Die »Normannia zu Jena« ist nach in der Vergangenheit öffentlich gewordenen Informationen die einzige Burschenschaft im Freistaat, die von den Thüringer Sicherheitsbehörden beobachtet wird. In der Antwort des Thüringer Innenministeriums auf eine Kleine Anfrage der LINKEN-Abgeordneten Katharina König-Preuss aus dem vergangenen Jahr hieß es, die Anzahl der aktiven Mitglieder der Verbindung bewege sich vermutlich im unteren zweistelligen Bereich. Die Burschenschaft veranstalte regelmäßig Kneipentreffen, Vortragsabende, Seminare, gemeinsame Ausflüge und Reisen sowie gelegentlich Mensurtage.
Auf der Facebookseite der Burschenschaft wird deutlich, welchen Charakter solche Veranstaltungen regelmäßig haben. So sind dort beispielsweise zwei kurze Video zu sehen, in denen alte Männer auf Normannia-Veranstaltungen von ihren Erinnerungen an ihre Zeit als deutsche Soldaten im Zweiten Weltkrieg erzählen. Einer der beiden Männer lobt dabei die Waffen-SS überschwänglich als Elitetruppe. Nach dem Krieg seien diese Männer zu Unrecht verfolgt worden. »Für ihren selbstlosen Einsatz haben sie keinen Dank geerntet«, sagt der Mann in dem Video.
Nach Angaben von König-Preuss pflegte die Burschenschaft ihrer Gründung 1999 enge Kontakte zum rechtsextremen Thüringer Heimatschutz und zur Neonaziszene in der Region Jena. Mitglieder der Normannia seien immer auch aktive Neonazis gewesen, sagt sie. Zu ihnen habe auch ein Rechtsextremer gehört, der »eine Hymne« auf das untergetauchte NSU-Kerntrio geschrieben habe. Auch der vom Oberlandesgericht München als NSU-Unterstützer verurteilte Ralf Wohlleben habe in der Vergangenheit an Treffen der Normannia teilgenommen.

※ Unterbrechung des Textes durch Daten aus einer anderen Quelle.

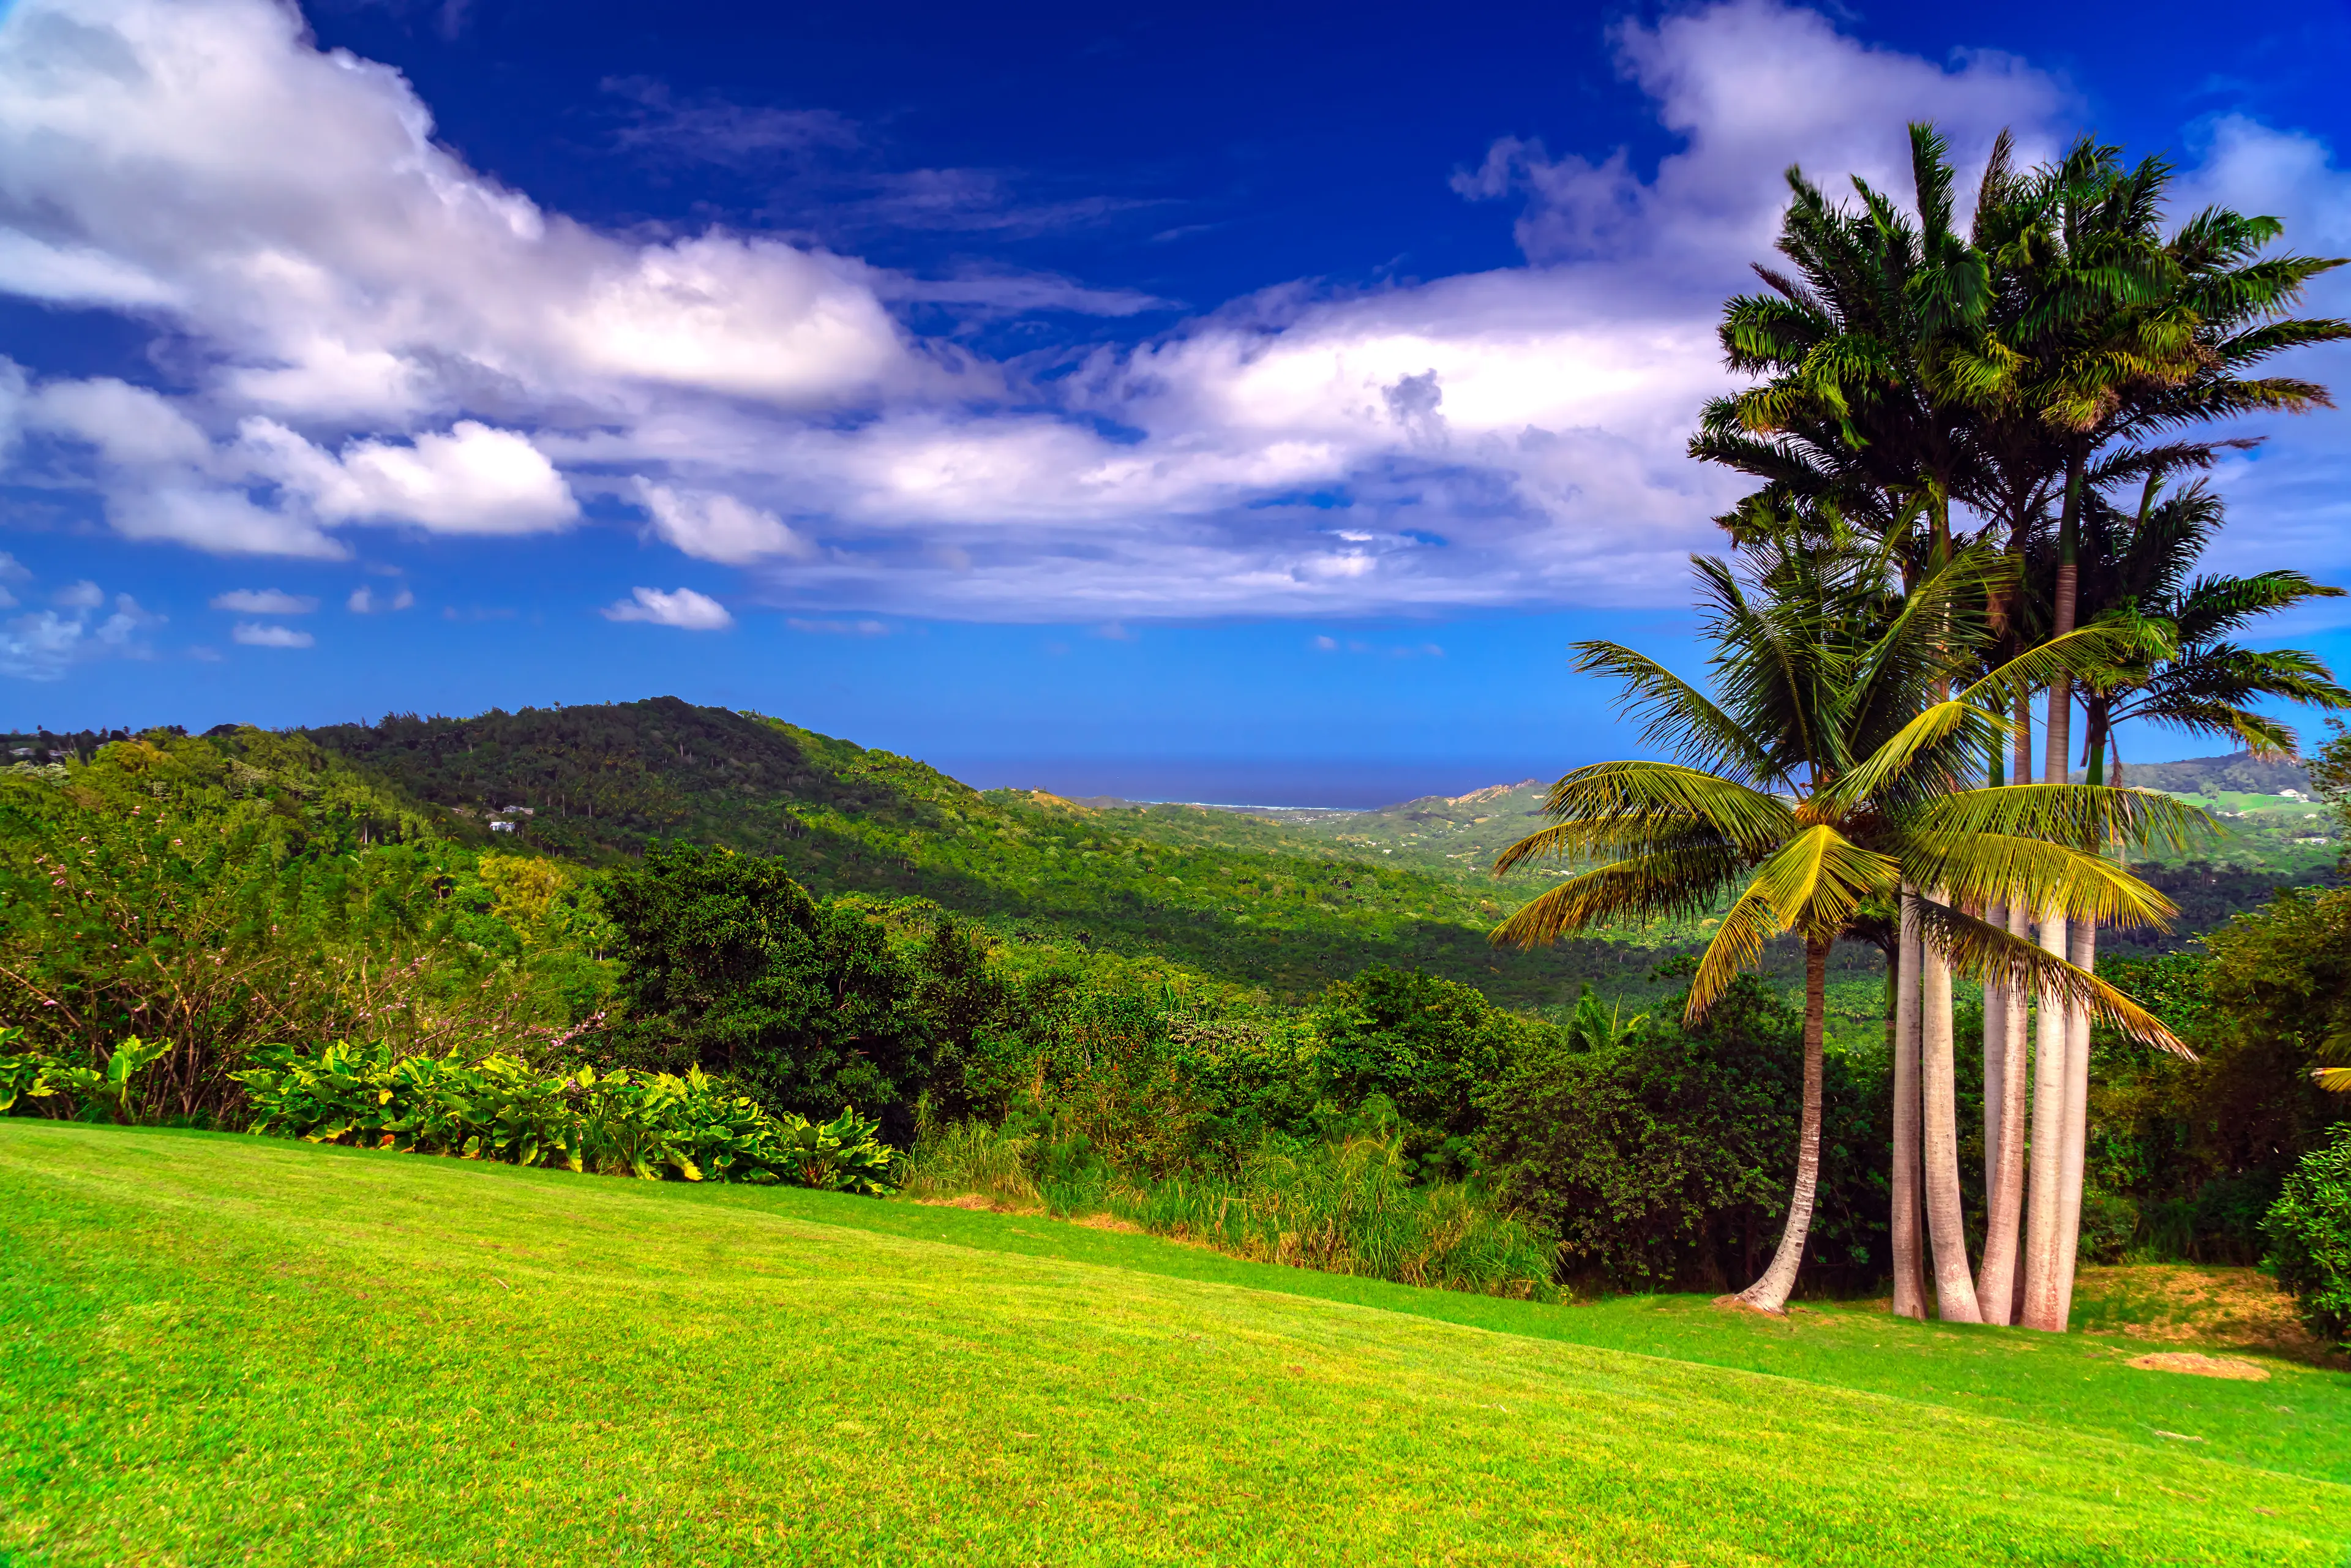 Green scenery with palm trees

Dafür, dass sich die Burschenschaft nun offenbar faktisch auflösen will, hat König-Preuss eine einfache Erklärung: »Ihre Themen und Aktivitäten werden längst durch andere Strukturen wie beispielsweise die Identitären Bewegung, Ein Prozent sowie die AfD wahrgenommen«, sagt König-Preuss. Mitglieder der Normannia Jena hätten sich diesen Strukturen inzwischen angeschlossen. »Die Organisation mag sich auflösen, ihre neonazistische Ideologie und damit verbundene Gefährdung wird in anderen, mittlerweile relevanteren Strukturen weiter ausgeübt.«
Der Thüringer Verfassungsschutz hat nach eigenen Angaben keine Hinweise darauf, dass die »Normannia zu Jena« kurz vor ihrer faktischen Auflösung steht. Allerdings bestätigt eine Sprecherin des Nachrichtendienstes, dass die Burschenschaft derzeit die »einzige als rechtsextremistisch klassifizierte Burschenschaft in Thüringen« ist, die als solche vom Verfassungsschutz beobachtet wird – auch wenn sie seit Jahren nicht mehr im Verfassungsschutzbericht auftaucht.